The key advantage of conventional loans at your credit score is that PMI automatically cancels when you reach 78% loan-to-value ratio. NMHL can help you crunch the numbers to determine which loan type makes the most financial sense for your situation.
Get a personalized PMI estimate with NMHL's Mortgage Calculator.
Jumbo Loan Options with a 660 Credit Score
While most jumbo lenders prefer higher credit scores, some will consider 660 with strong compensating factors. These might include a substantial down payment (25%+), significant cash reserves, and a low debt-to-income ratio. NMHL has established relationships with jumbo lenders who are more flexible with credit scores.
To improve your chances:
- Maximize your down payment to reduce lender risk
- Document substantial cash reserves (6-12 months of expenses)
- Show stable, high income through tax returns and pay stubs
NMHL can connect you with the right jumbo lenders for your financial profile.
Schedule a consultation with an NMHL jumbo loan specialist to explore your options.
Preparing for Your Mortgage Application
With your 660 credit score, you're well-prepared to start the mortgage application process. Begin by gathering all necessary financial documents, including tax returns, pay stubs, and bank statements. NMHL's pre-approval process is designed to be straightforward and efficient.
Key steps to prepare:
- Gather all financial documents in advance
- Review your credit reports one last time for errors
- Be prepared to explain any credit history anomalies
NMHL's experienced loan officers will guide you through every step, from pre-approval to closing.
Start your pre-approval with NMHL today and receive a personalized rate quote within 24 hours.
660 Credit Score Mortgage FAQ
At 660, you qualify for most major mortgage programs. Conventional loans often become more competitive due to lower PMI costs. For veterans, VA loans remain an excellent choice. NMHL can help compare these options side-by-side to find the best fit for your situation.
Improving your score from 660 to 700 can save $75-$175 per month on a $300,000 loan, translating to $27,000-$63,000 over 30 years. However, if home prices are rising quickly, the cost of waiting may offset these savings. NMHL can help you weigh these factors.
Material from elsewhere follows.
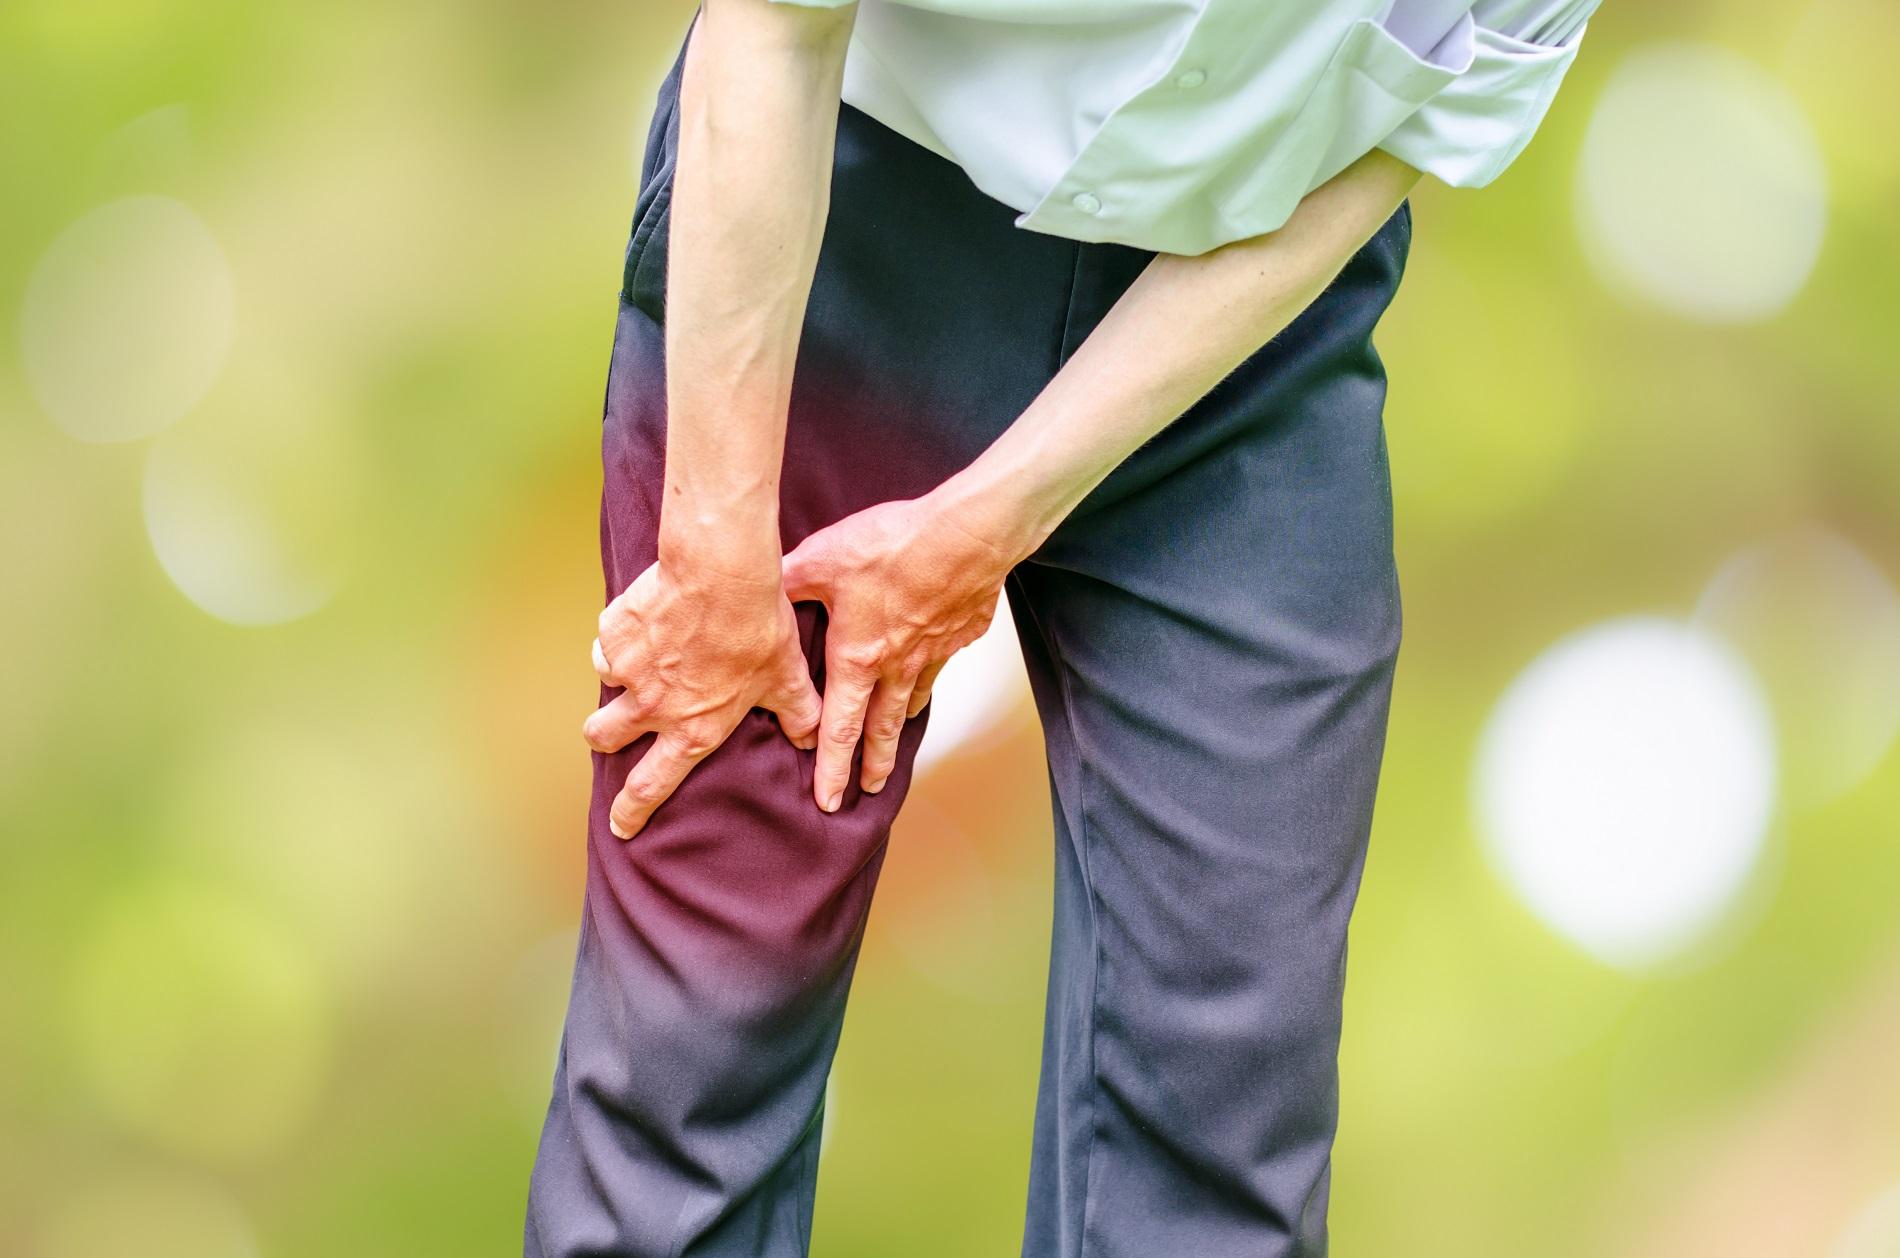 Térdduzzadás esés után :: Dr. Farkas Judit - InforMed Orvosi és Életmód portál :: térdfájdalom
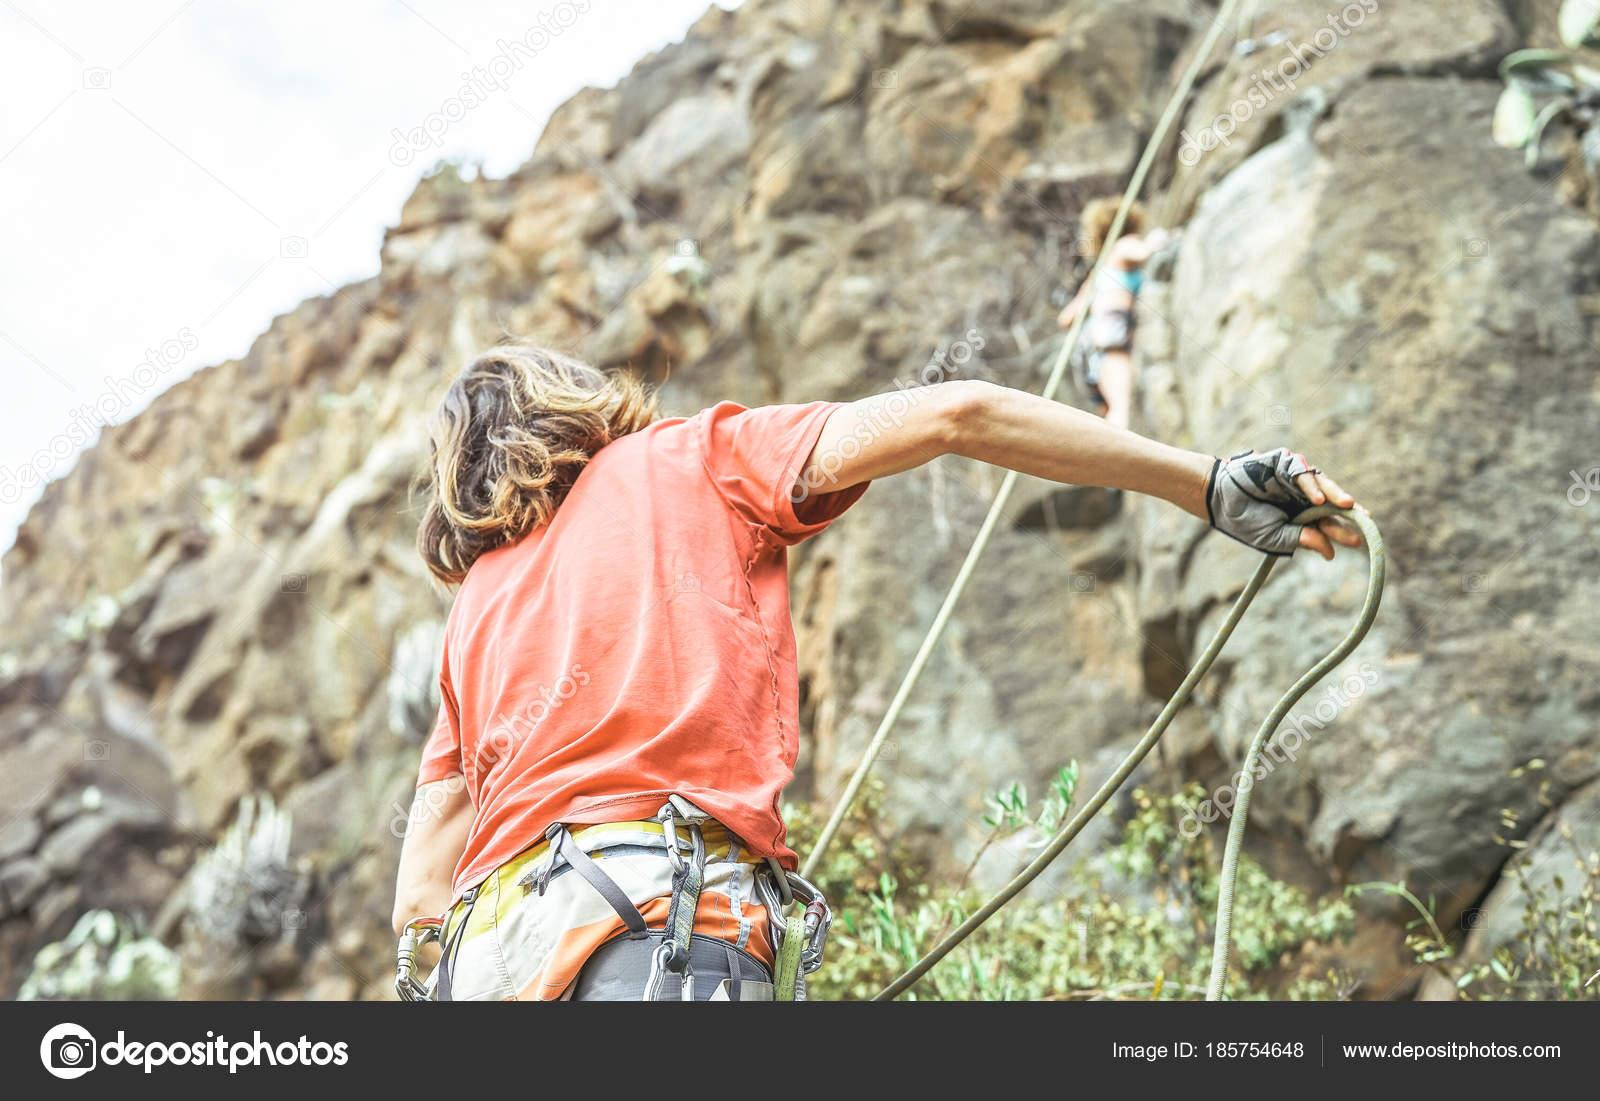 Kletterausrüstung In Der Nähe : Mann die frau oben berg klippe kletterer aktion auf u2014 stockfoto

Yes, a 660 credit score qualifies for pre-approval with most lenders. NMHL offers a streamlined pre-approval process that typically takes 24-48 hours. You'll receive a personalized rate quote and loan options tailored to your financial situation.
With a 660 credit score, your PMI rates on conventional loans will likely range from 0.5-0.9% of the loan amount annually. For example, on a $300,000 loan, this adds $125-$225 per month. NMHL can help you compare this cost across different loan programs.
Some jumbo lenders consider 660 credit scores if you have strong compensating factors, such as a large down payment (20-30%), substantial cash reserves, and a low debt-to-income ratio. NMHL works with a network of jumbo lenders and can match you with suitable options.
Paying off collections can help improve your mortgage application, but the impact varies. Some lenders view paid collections more favorably, while others focus on recent credit behavior. NMHL can advise on the best strategy for your specific situation.